Leading off the lobby are three banks of elevators: two on the south side of the main corridor, as well as a set of four elevators on the east side near New Street. Fifteen elevators serve only the first through 16th stories, while six serve the tower's executive offices, for a total of 21 passenger elevators. A set of three fire stairs also rises the height of the building. When the building was completed, each story also had its own fire alarm station and watchman's tower, as well as bronze-framed directory signs.

==== Upper stories ====
On the lowest sixteen stories, a hallway typically leads from the elevators around the interior light court, and there is office space both around the interior light court and the exterior boundary. The tower floors have L-shaped corridors. Access to the older southern portion of the building is provided from the newer northern portion on all stories, with fire doors connecting both portions. The walls of the elevator foyers have Botticino marble paneling reaching to the ceiling, and the main hallways have 5 ft marble wainscoting. The floors in the main foyers and corridors are designed with Tennessee marble bordered with black marble, while the white-plastered ceilings each contain a molding with dentils.

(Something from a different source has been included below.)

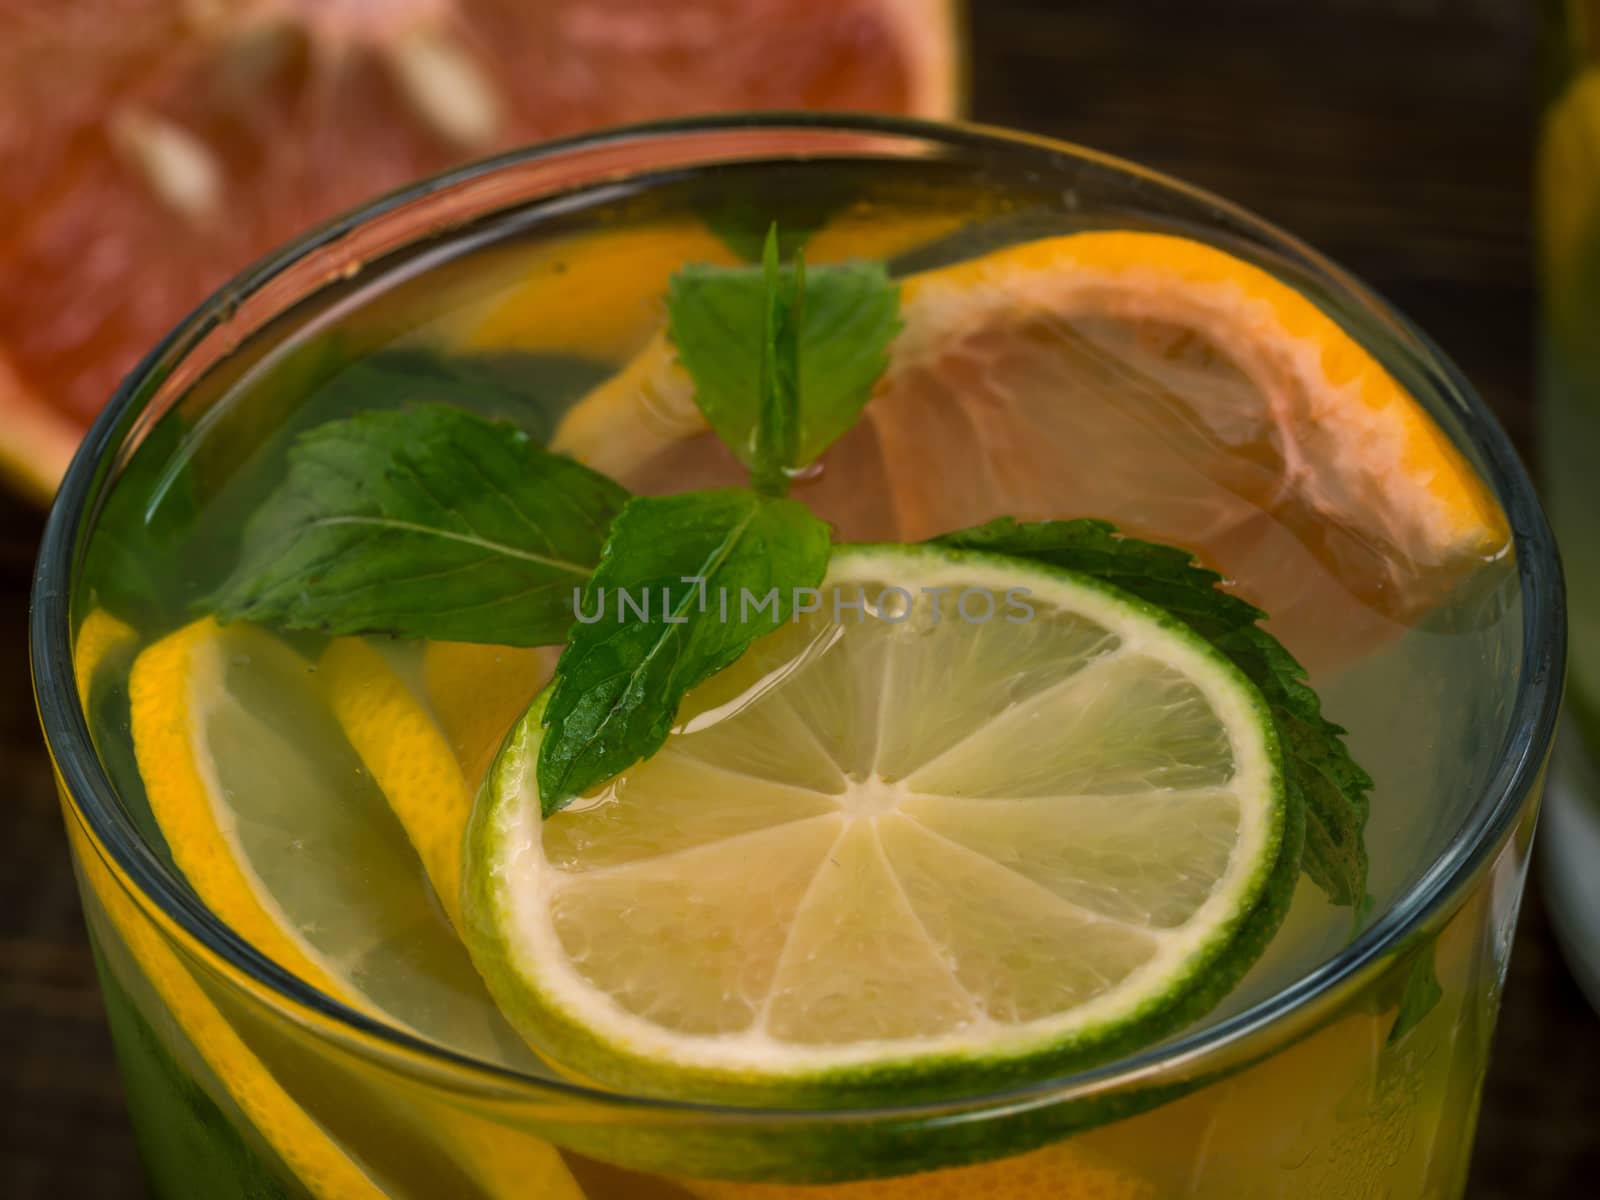 Citrus homemade lemonade, summer drink by fascinadora

In the side corridors, the walls are finished in hard plaster and have 5 ft hollow metal moldings. The side corridors have hollow-metal trim and doors with mahogany finishes, as well as gray-and-buff flooring strips.

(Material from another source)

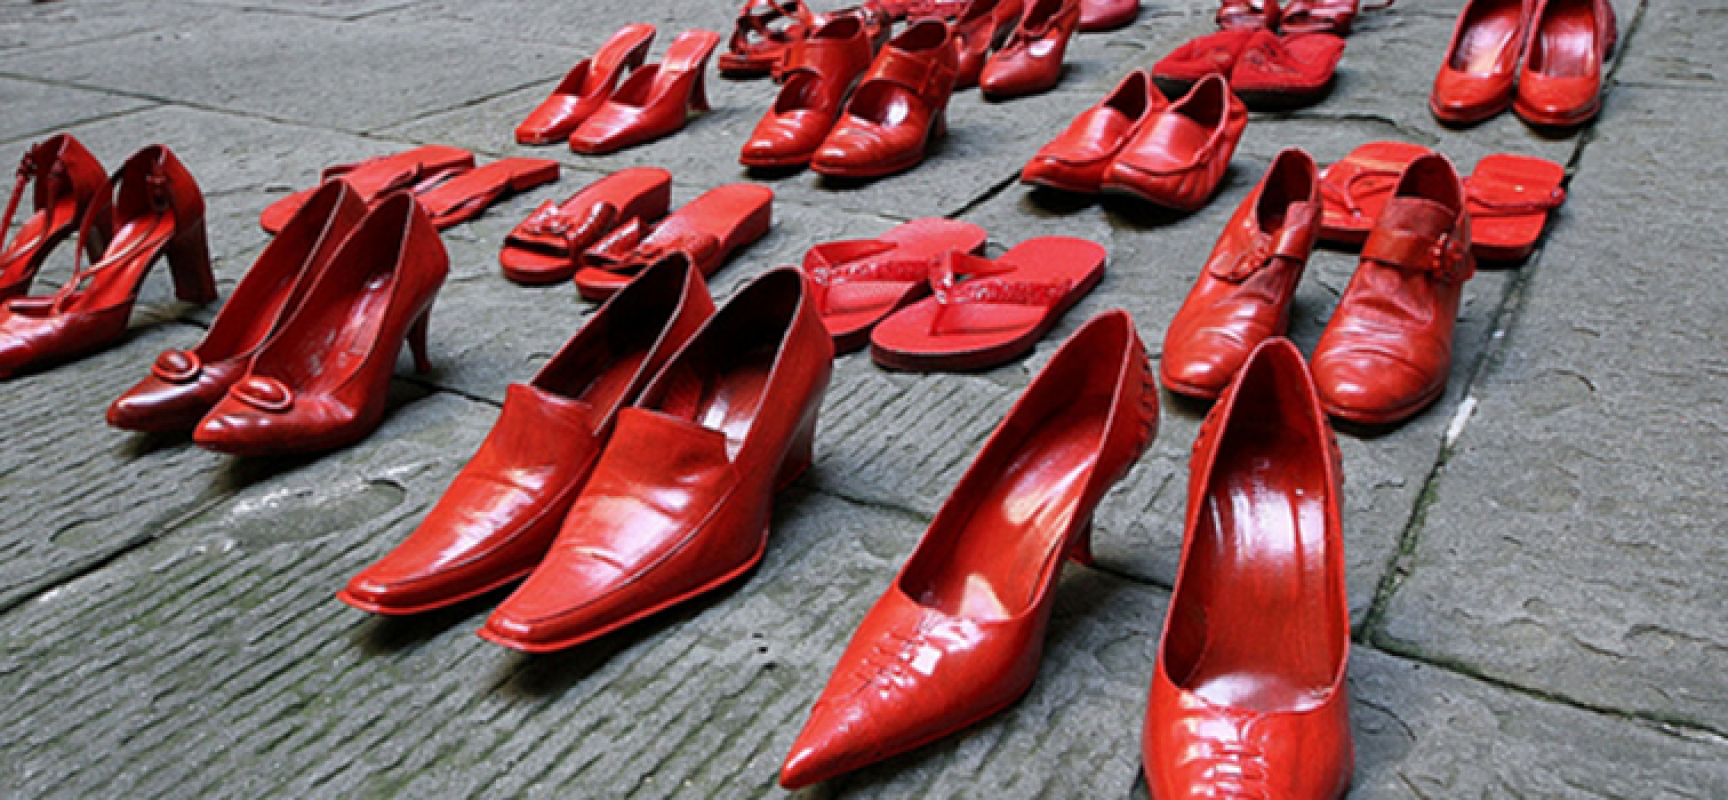 Le scarpe rosse di Sarah celebrano la giornata mondiale contro il femminicidio

The executive stories contained oak-paneled offices, as well as reception rooms and meeting rooms. These spaces were designed by the firm of Clinton & Russell, Holton & George. The 17th story had space for an executive dining room, with space for nearly 200 people, and an adjoining kitchen. The dining space had tile floors and 7 ft tile wainscoting; white-enamel screens and enclosures; and a refrigerator with an ice machine. The 21st floor housed Standard Oil successor Socony's board room, which overlooked Broadway. The boardroom covered 2000 ft2 and contained a double-height ceiling with relief panels; a limestone fireplace; and oak wainscoting. The oak panels on the ceiling beams, and the stone on the walls, were attached to the skyscraper's steel frame. Next to it was an anteroom with carved oak pilasters, frieze, and moldings, as well as a plaster ceiling and Kato stone wall. Private offices extended south and east of the 21st-story boardroom and had walnut walls, plaster ceilings, Siena marble fireplaces, and cork floors covered with carpets. The 23rd floor contained squash courts with adjoining locker and shower rooms.

== History ==
The site of the Standard Oil Building was occupied by Dutch houses after the colony of New Amsterdam was founded in the 17th century. In the late 18th century, 26 Broadway was the home address of Alexander Hamilton, his wife Elizabeth Schuyler Hamilton, and their family. Hamilton occupied the house after resigning his position as United States Secretary of the Treasury. According to a 1786 directory, rum was also sold from the address in the late 18th century.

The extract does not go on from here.